Toast’s Jon Reil on building and leading creative teams

April 19, 2023 · 4 min read

This is part of our 100 Creative Directors interview series. It has been edited for length and clarity. To return to the series homepage and browse other interviews, click here.

What type of creative director are you?

I’m the Senior Director of Brand and Creative at Toast. I arrived in this role via a long, windy road – from my early days working for a magazine, to advertising agencies and design firms, in-house agencies, and an array of startups - it’s been an interesting, surprising and fulfilling ride. My background is based in design / visual communication and acts as the foundation for building and leading teams that develop brand & creative for all channels: broadcast, digital, web, events, brand identity, and whatever else we can dream up.

At Toast, my team is responsible for all brand & creative touchpoints: from creative output to brand transformation to creative operations, and deeply understanding how our work affects business results, both internally and externally.

What is the most difficult part of shipping good creative? 

Balancing creative vision with practical constraints.

Creative work is often about pushing boundaries, taking risks, and coming up with ideas that capture attention.

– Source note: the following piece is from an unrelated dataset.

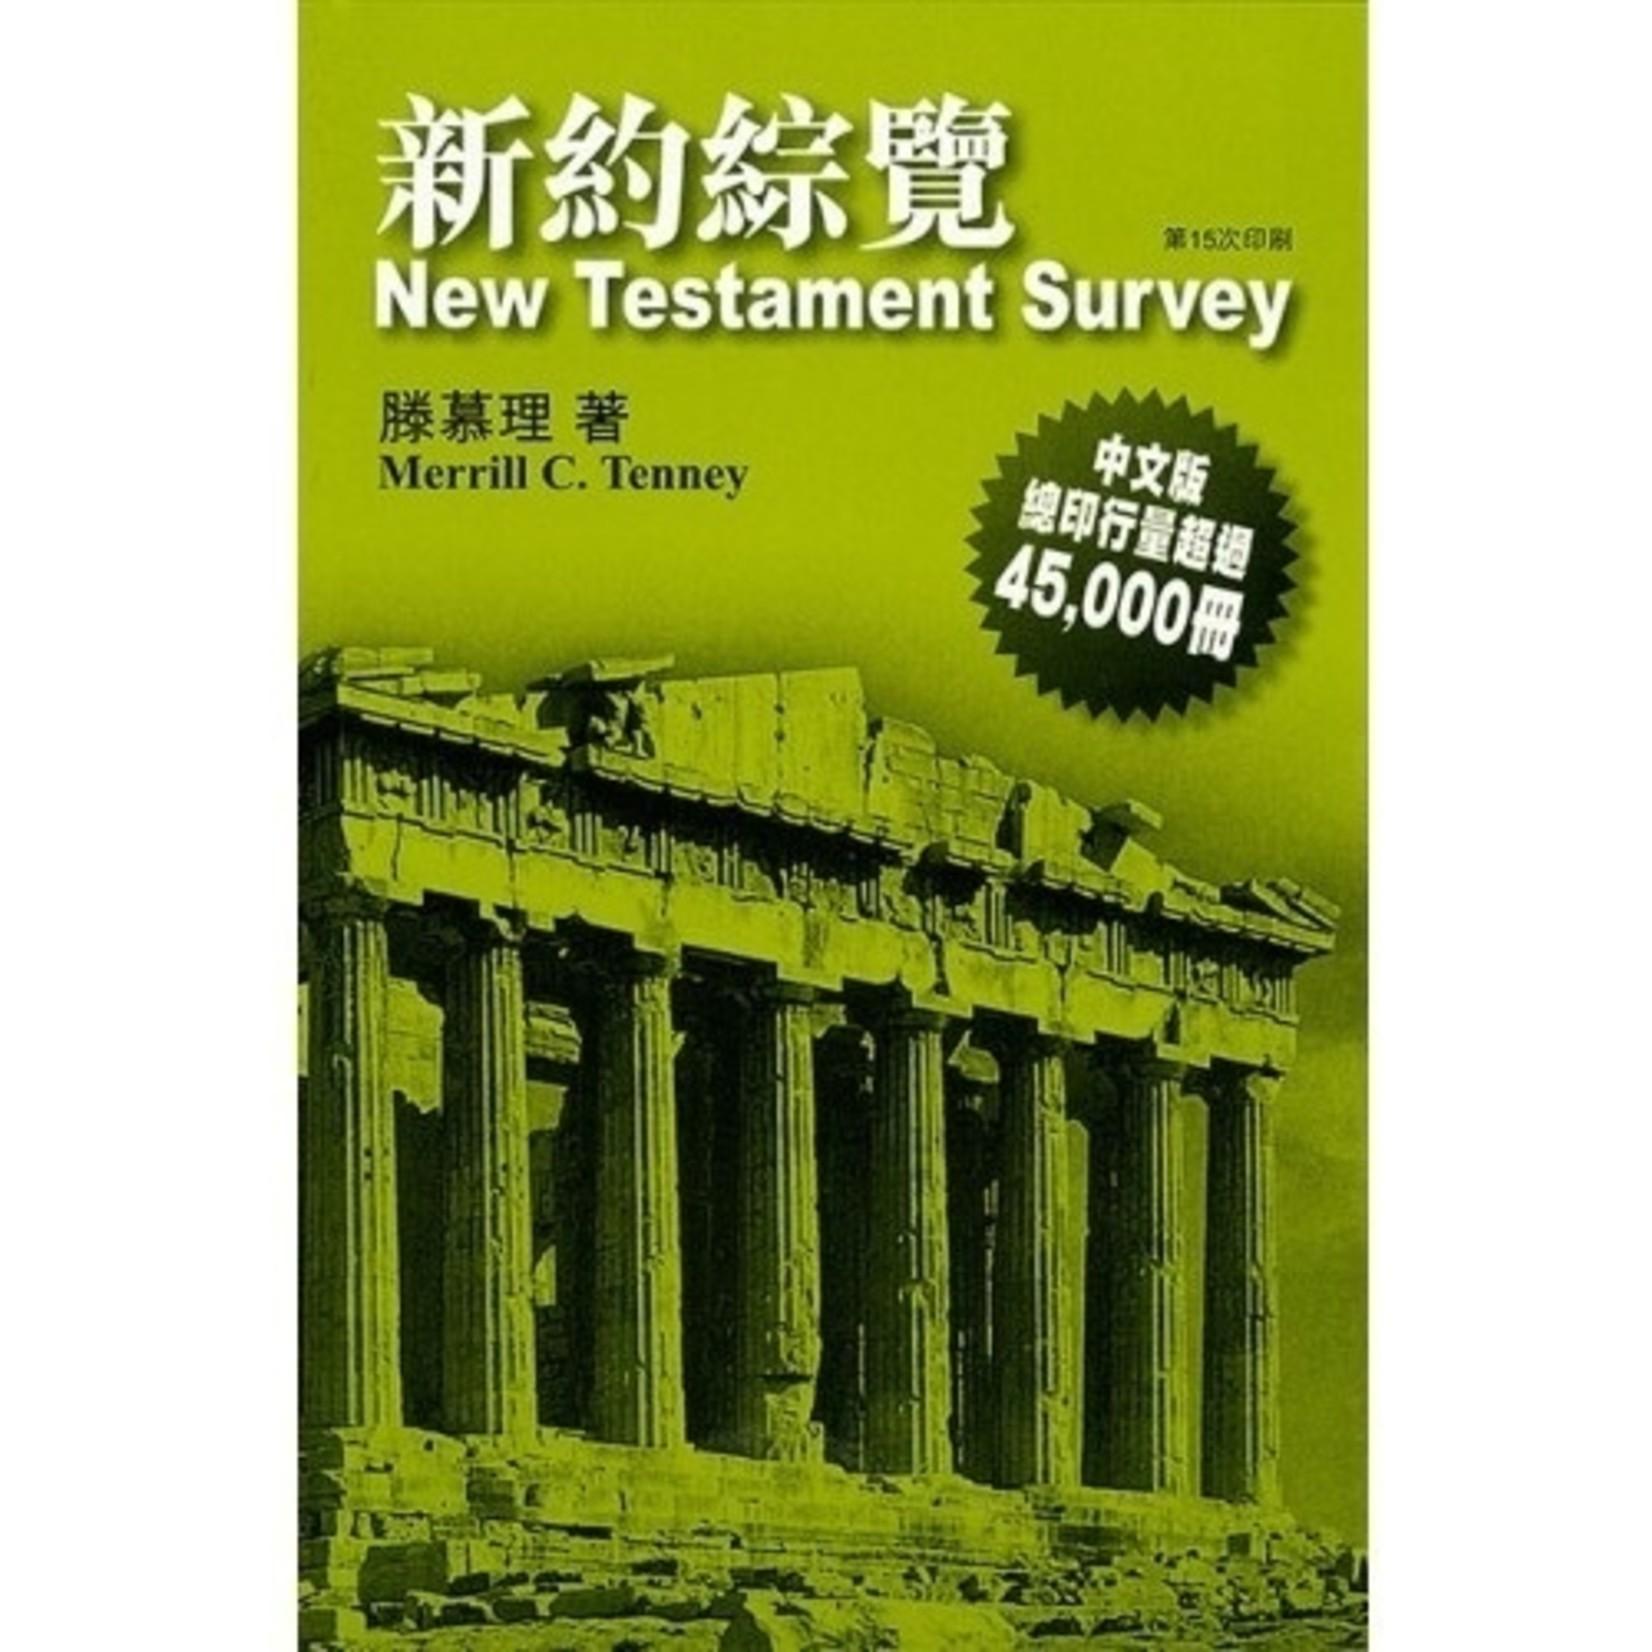 宣道 China Alliance Press 新約綜覽 New Testament Survey

Then there’s the reality of: ‘What’s the deadline? What’s the budget? What are the technical limitations that can sometimes constrain us?’ You need to find that sweet spot. It takes time, energy, passion, and perseverance. 

Managing expectations and communication. 

Thankfully at Toast, we have a solid project management / creative operations team. Creative work often involves a variety of stakeholders each with specific opinions and priorities. Managing those expectations and communicating effectively is critical and our team is equipped to facilitate that. 

The creative process can be messy and unpredictable. 

There’s a lot of experimentation and iteration required to create something that's both creative and effective. That can be a challenge for our internal partners - people who may be more used to more linear predictable processes. So the key is getting people comfortable with the unpredictability of making something great. We have learned to embrace what we call the creative “swamp.”

How do you measure your team's success?

It begins with metrics: Sales, the funnel, brand tracking, and more. If our team’s work is driving those metrics in a positive direction, that's a strong indicator we’re doing work that works. We have an incredible SVP and extended leadership team that is passionate about this intersection. We lean on one another.

Brand excellence. At Toast, we have a brand excellence program where we measure the effectiveness / excellence of our brand. We do this via feedback from brand audits, our team, extended stakeholders, and most importantly, our customers.

And finally, team happiness is critical. Ensuring that our teams are happy and engaged makes a significant impact in how successful our work is. At Toast, culture and team come first.

What are the three things you couldn't do your job without?

  1. A growth mindset. How can you see things from a different perspective? Be open. Be action oriented. Learn as much as you can about anything that pushes you out of your comfort zone. Search for it.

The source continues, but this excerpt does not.